The Annette Chronicles: Holiday Wishes and New Year’s Hopes

I feel so very lucky to have gotten to know Annette Tanner this year, not only professionally, but now as someone who I consider a friend.  With a mountain of challenges ahead of her when we first met, both physically and mentally to improve her health, she has fearlessly taken them head on, accepting both victories and set-backs.  She is the champion of the saying, “fall seven times, get up eight”.  She has come so far this year with weight, movement, and most importantly, confidence.

In typical New Year’s fashion, Annette is taking what 2011 has taught her and kicking off 2012 with a few very well defined goals.

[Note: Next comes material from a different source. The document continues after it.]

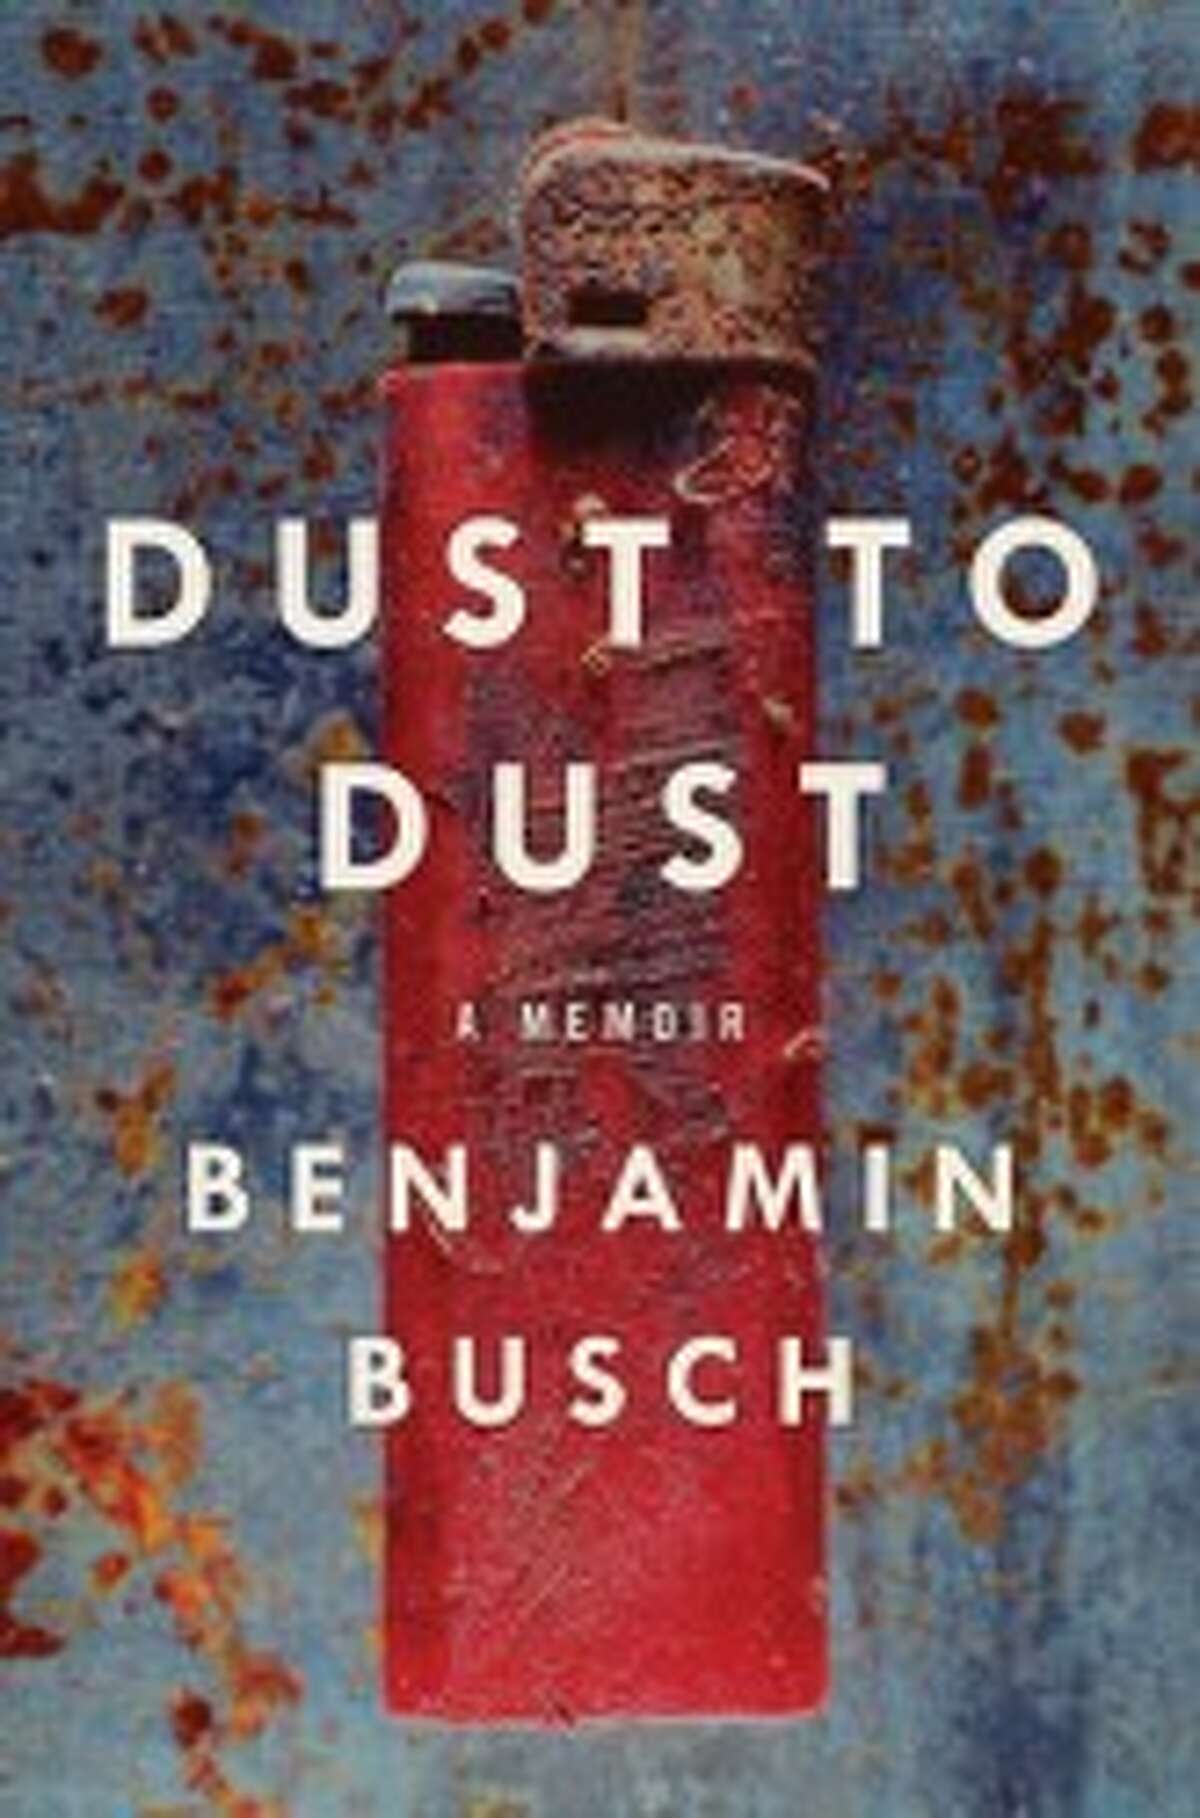 DUST TO DUST: A memoir by Benjamin Busch

Weight Goals for next year:

1/1 to 3/31       285   (what I weighed roughly seven years ago)
4/1 to 6/30       250
7/1 to 9/30       230
10/1 to 12/31   199    (what I weighed when I graduated high school)

Fitness Goals:

By the end of the year I would like to:

Walk a 3K in less than 90 minutes
Be strong enough and small enough to join a stretch and roll class and fully participate
Be strong enough and small enough to join a yoga class and fully participate
Be able to ride a bike comfortably

With her goals for the New Year out of the way, Annette took a moment to send me a note about her year in review.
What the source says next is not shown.